Que signifie l’« exceptionnalisme » japonais ?
Dans les années qui ont suivi la Seconde Guerre mondiale, le Japon a connu un miracle économique qui n’a été égalé par aucun autre pays dans l’histoire. Le pays est passé d’une terre dévastée par la guerre à l’une des nations les plus prospères de la planète, apparemment du jour au lendemain. Cette transformation spectaculaire a conduit de nombreuses personnes à qualifier le Japon de nation « exceptionnelle », ce qui signifie qu’il fonctionne selon des règles différentes de celles des autres pays et n’est pas soumis aux mêmes limitations.
Les « réflexions théoriques sur les Japonais » (日本人論, nihonjin ron) constituent dans l’archipel un champ de production intellectuel autocentré, souvent présenté comme original mais en réalité peu éloigné des questions que se posaient les nations européennes en voie de constitution, de la Scandinavie à l’Europe centrale au XIXe siècle. Ces théories sont marquées de la même ambiguïté, oscillant selon les périodes entre une volonté défensive de construire une identité en s’appuyant sur des éléments culturels originels oubliés et une affirmation plus offensive de la supériorité de cette identité.
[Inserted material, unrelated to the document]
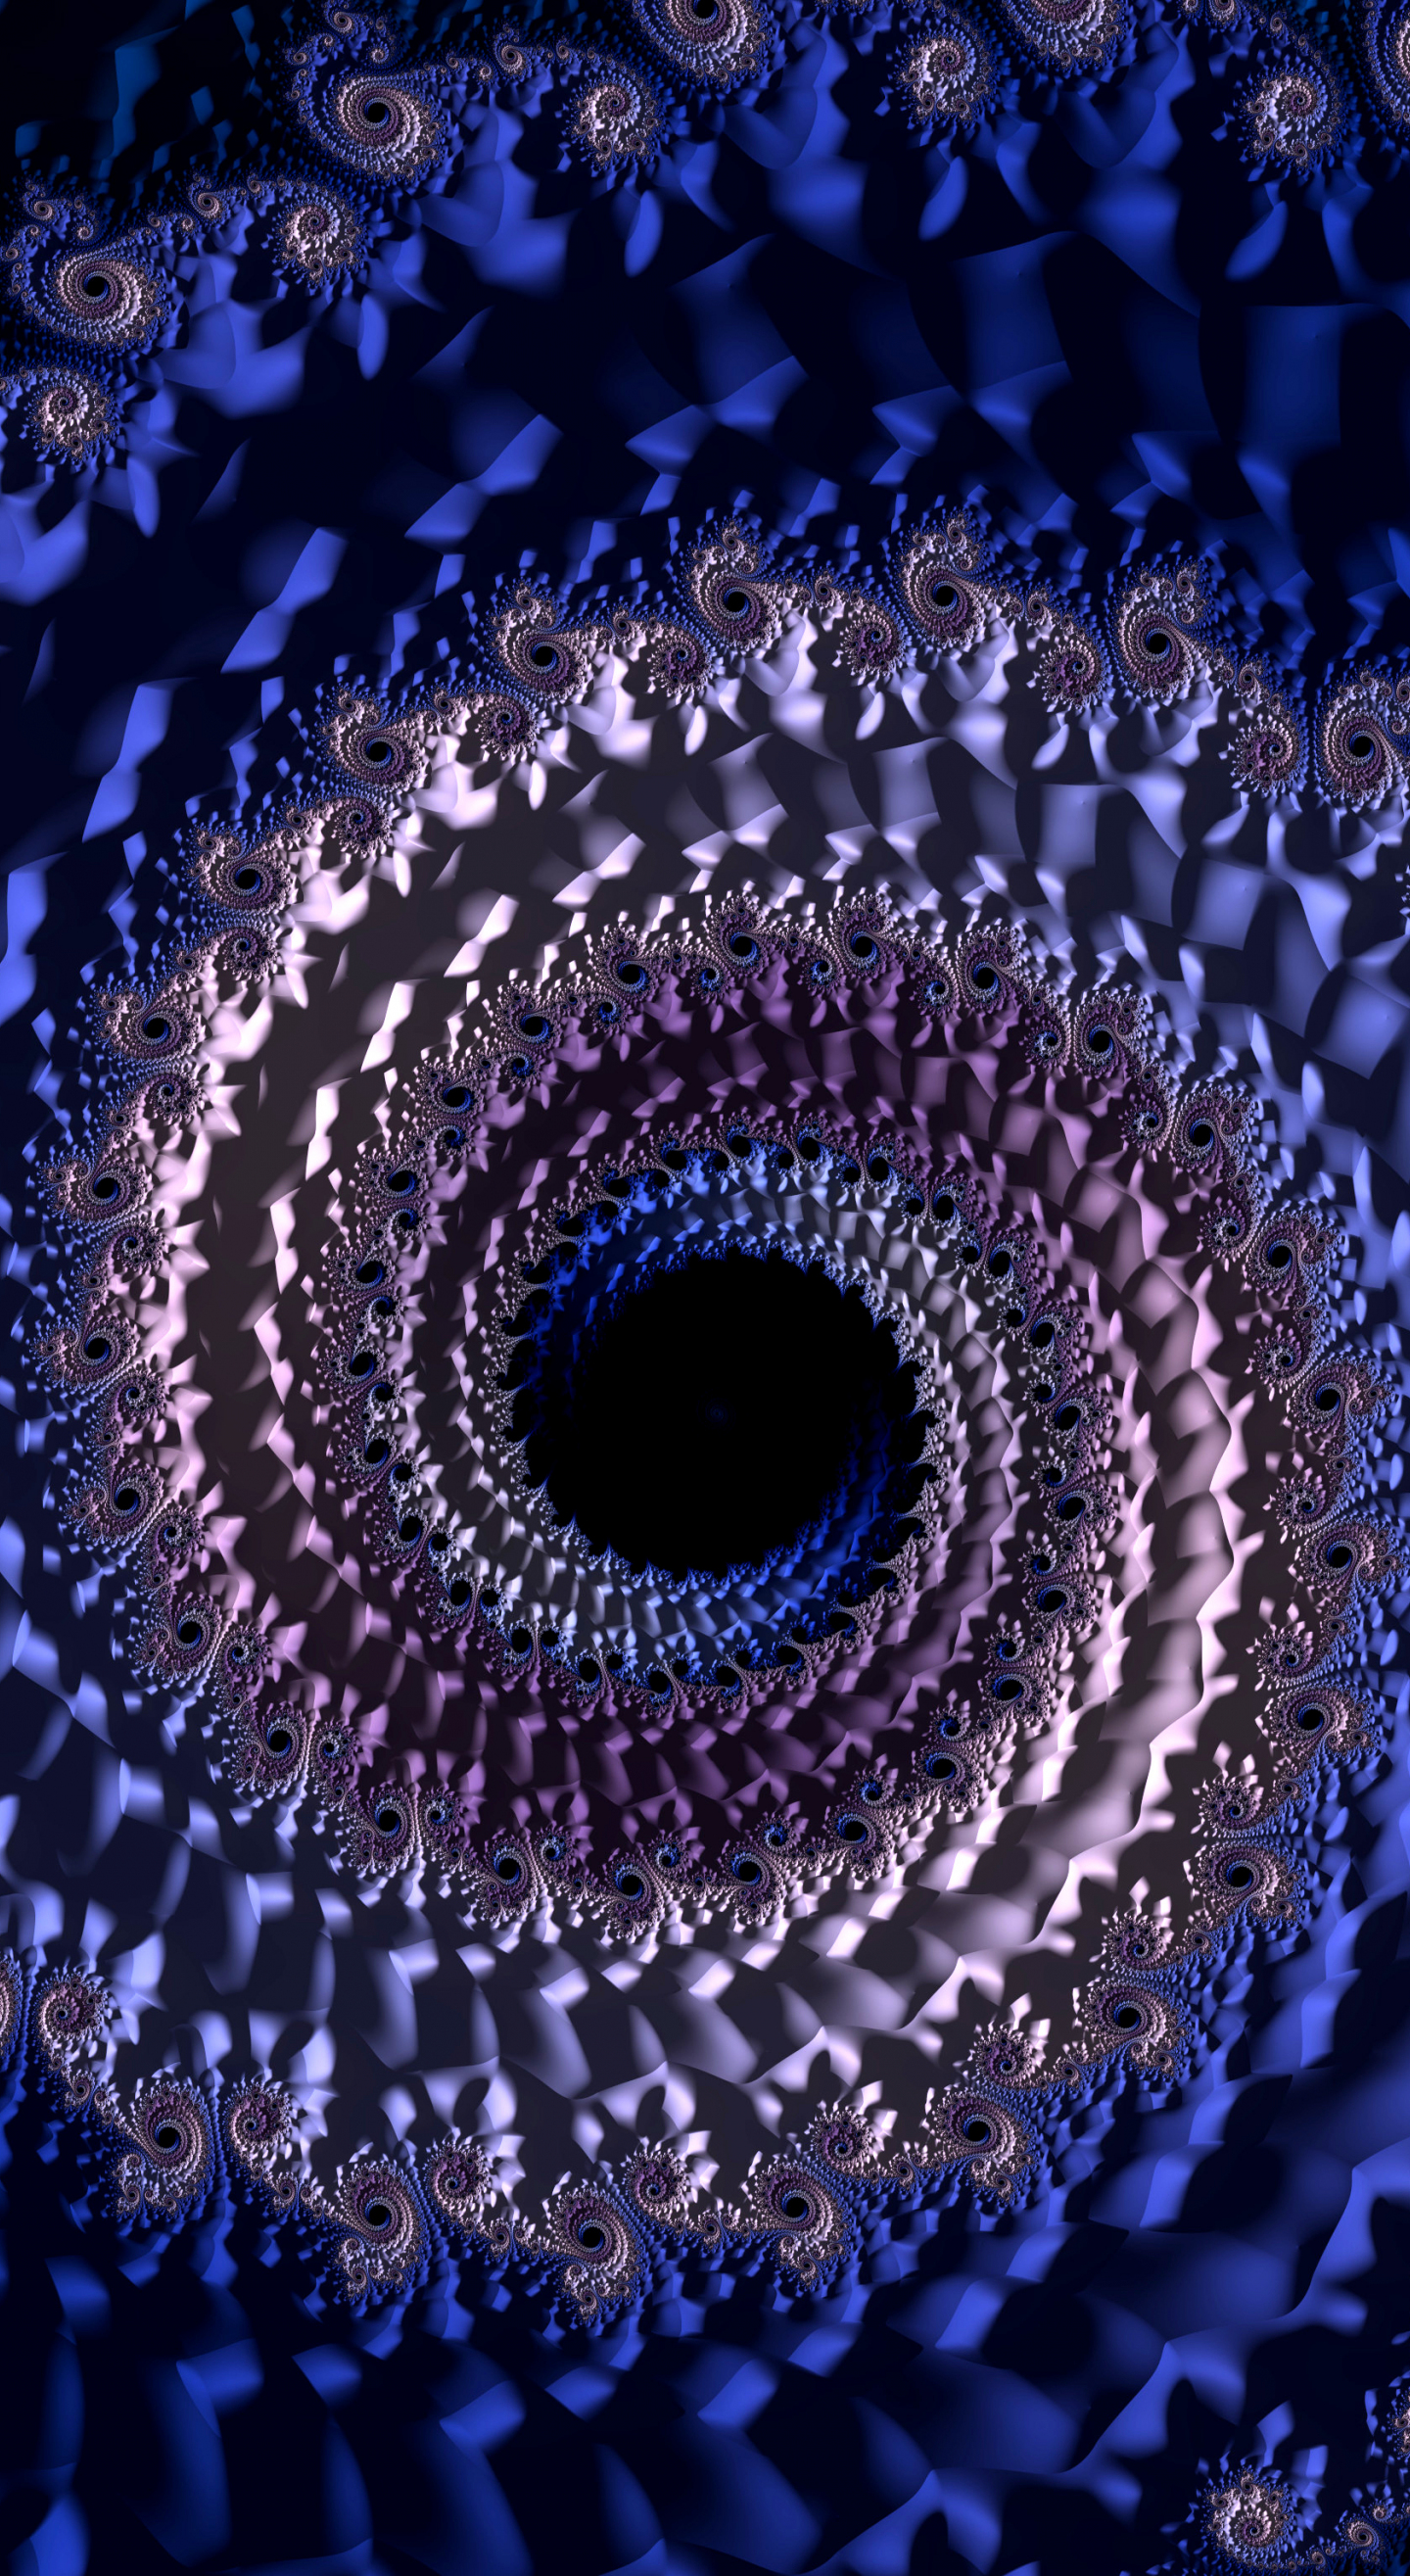 Download wallpaper 1440x2630 blue fractal, vortex, swirling, 3d, samsung  galaxy note 8, 1440x2630 hd background, 22579

Comme pour la Finlande face à la Russie ou à la Suède, la Hongrie au sein de l’Empire austro-hongrois, ou une Allemagne tentant de s’ancrer dans un héritage culturel « germanique » en opposition au modèle français, la recherche d’une spécificité japonaise s’est d’abord construite sous l’ère Edo, au XVIIIe siècle, avec le mouvement intellectuel des « Études nationales » (国学, kokugaku).
Face à la domination idéologique du modèle classique chinois, les kokugaku visaient à retrouver les racines d’une culture japonaise antérieure. Un siècle plus tard, sous l’ère Meiji, c’est en réaction à l’ouverture forcée sur l’étranger que les théories sur les Japonais se sont à nouveau imposées, s’appuyant sur les succès du Japon pour en faire un modèle unique de modernité non occidental. Enfin, après la Seconde Guerre mondiale, la renaissance économique remarquable que le Japon a connue et les succès impressionnants des années 1980 ont conduit à un nouvel engouement pour ces « théories sur les Japonais » visant à démontrer le caractère exceptionnel et supérieur de ce modèle sur un universalisme occidental en déclin. Par ailleurs, si les recherches les plus contemporaines tendent à démontrer le caractère métissé de la « race japonaise », l’illusion de spécificité – qui nourrit la volonté de repli sur soi – est loin d’avoir disparu.
Ces réflexions sur la nature des Japonais ont donc pour point commun la recherche des éléments qui feraient du Japon – pays île (島国, shimaguni) – un État unique au monde par l’homogénéité de sa population depuis les temps les plus anciens, la spécificité de sa culture et de sa langue1. Le climat lui-même est invoqué. Oubliant l’Europe et les États-Unis, qui suivent également les changements de saison, y compris dans l’habillement et l’organisation de la maison, ces théories insistent sur le modèle unique des « quatre saisons » qui rythment le passage du temps et créent une psyché particulière2.
Enfin, un dernier élément des « théories sur les Japonais », très intériorisé dans l’opinion publique, tend à présenter le Japon comme impossible à saisir par essence3. Dans une réaction de défense, le principe d’universalité occidental, qui ferait de chaque objet d’étude un moyen d’avancer dans l’analyse et la compréhension de l’autre, est parfois rejeté. Pourtant, dans un ultime paradoxe, beaucoup de ces « théories sur les Japonais » ne sont aussi que le reflet du sentiment d’exotisme projeté de l’Occident, pour qui le Japon idéal ne peut être qu’un Japon étrange et forcément « unique ».
1. En 2019, la population étrangère au Japon ne dépassait pas 2,8 millions d’habitants.
2. Dans le monde occidental comme au Japon, les modes de vie ont considérablement réduit l’importance de ces changements de saison, même si au Japon, ils se traduisent dans les magasins par l’apparition et la disparition de produits qu’il est très difficile de trouver « hors saison ».
3. On retrouve cette même réticence, qui s’oppose à la « prétention universaliste » de l’Occident, en Chine.